Empregos sim, mas não como antes. Estabelecer
uma correlação direta entre elevação da produção e
ampliação do nível de emprego setorial está cada vez
mais difícil, e é uma situação ainda menos provável de
encontrar nas regiões produtoras mais antigas.
Na divulgação das estatísticas relativas à indústria
automotiva brasileira no ano de 2005, destacou-se
sobretudo a produção recorde de 2,44 milhões de veículos
montados no ano – o que inclui os automóveis,
comerciais leves, caminhões e ônibus. Pouca atenção,
entretanto, foi dedicada à análise do comportamento
do emprego no setor. Essa ênfase no número
de unidades produzidas não deixa de ser compreensível
visto que o desempenho da indústria automotiva
superou em dez por cento a produção também
recorde do ano anterior. São resultados indiscutivelmente
expressivos, em especial se comparados com
os índices de dez anos atrás. Verificou-se, em 2005,
um crescimento da ordem de cinqüenta por cento em
relação à produção observada em 1995, conforme
podemos observar na Tabela 1.
Aliás, o ano de 1995 é um marco na política pública para
o setor automotivo no país. Em junho daquele ano, o
governo Fernando Henrique Cardoso encerrou a experiência
da Câmara Setorial Automotiva, uma instância
de formulação de política setorial que envolvia uma representação
tripartite: o governo federal, empresários
e trabalhadores. Em seu lugar, foi editada uma série de
Medidas Provisórias que estabeleceram, de forma supostamente
unilateral, o Regime Automotivo Brasileiro.

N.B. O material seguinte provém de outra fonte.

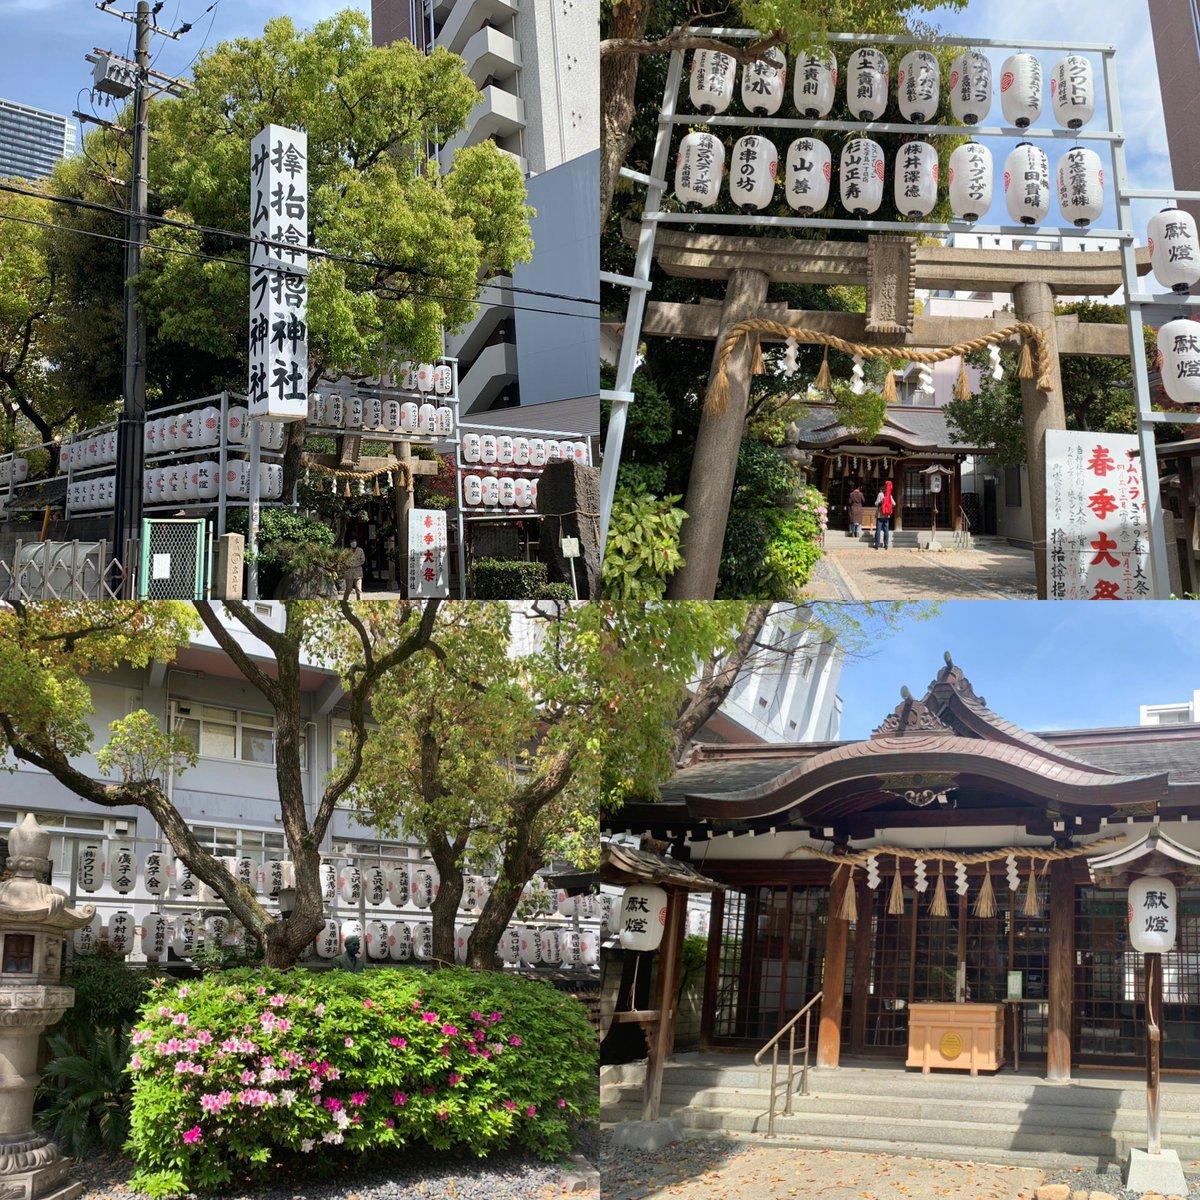 test ツイッターメディア - サムハラ神社 カタカナなのね 漢字だととても難しい ここの神社はとても参拝に来てる人が多かった https://t.co/qf0YdC6Gi4
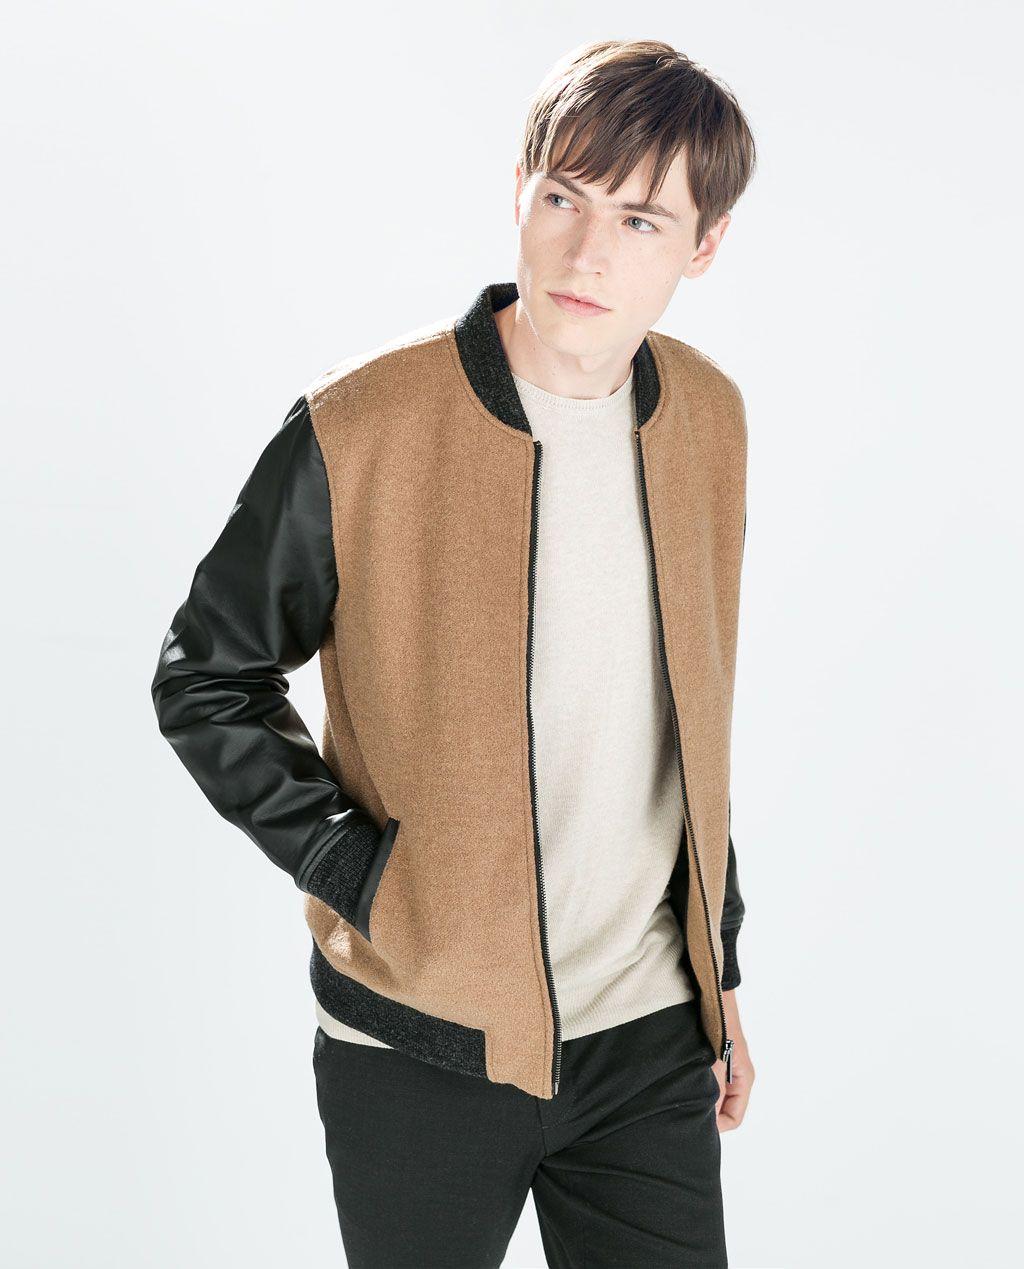 ZARA LOOKBOOK Bomber jacket, Zara, Jackets

Análises posteriores, inclusive do Tribunal de Contas da
União, mostraram que a mudança introduzida beneficiou
sobremaneira as montadoras em detrimento da indústria
nacional de autopeças, e deflagrou uma verdadeira
corrida fiscal, na qual os governos federal, estaduais e
municipais passaram a conceder cada vez mais benefícios
e vantagens para atrair investimentos automotivos
(VASCONCELOS, 2002).
O crescimento da produção, no entanto, não se deu
de forma linear, ao contrário, oscilou muito, tendo
chegado a dois milhões de unidades, em 1997, caído
para 1,3 milhão de veículos, em 1999, e retomado
uma curva ascendente a partir de 2002.
Entretanto, um outro indicador menos divulgado apresentou
um comportamento diferente ao longo da última
década. Trata-se do desempenho do emprego nas montadoras
de veículos, sendo observado nos anos recentes
uma relativa estagnação do contingente ocupado.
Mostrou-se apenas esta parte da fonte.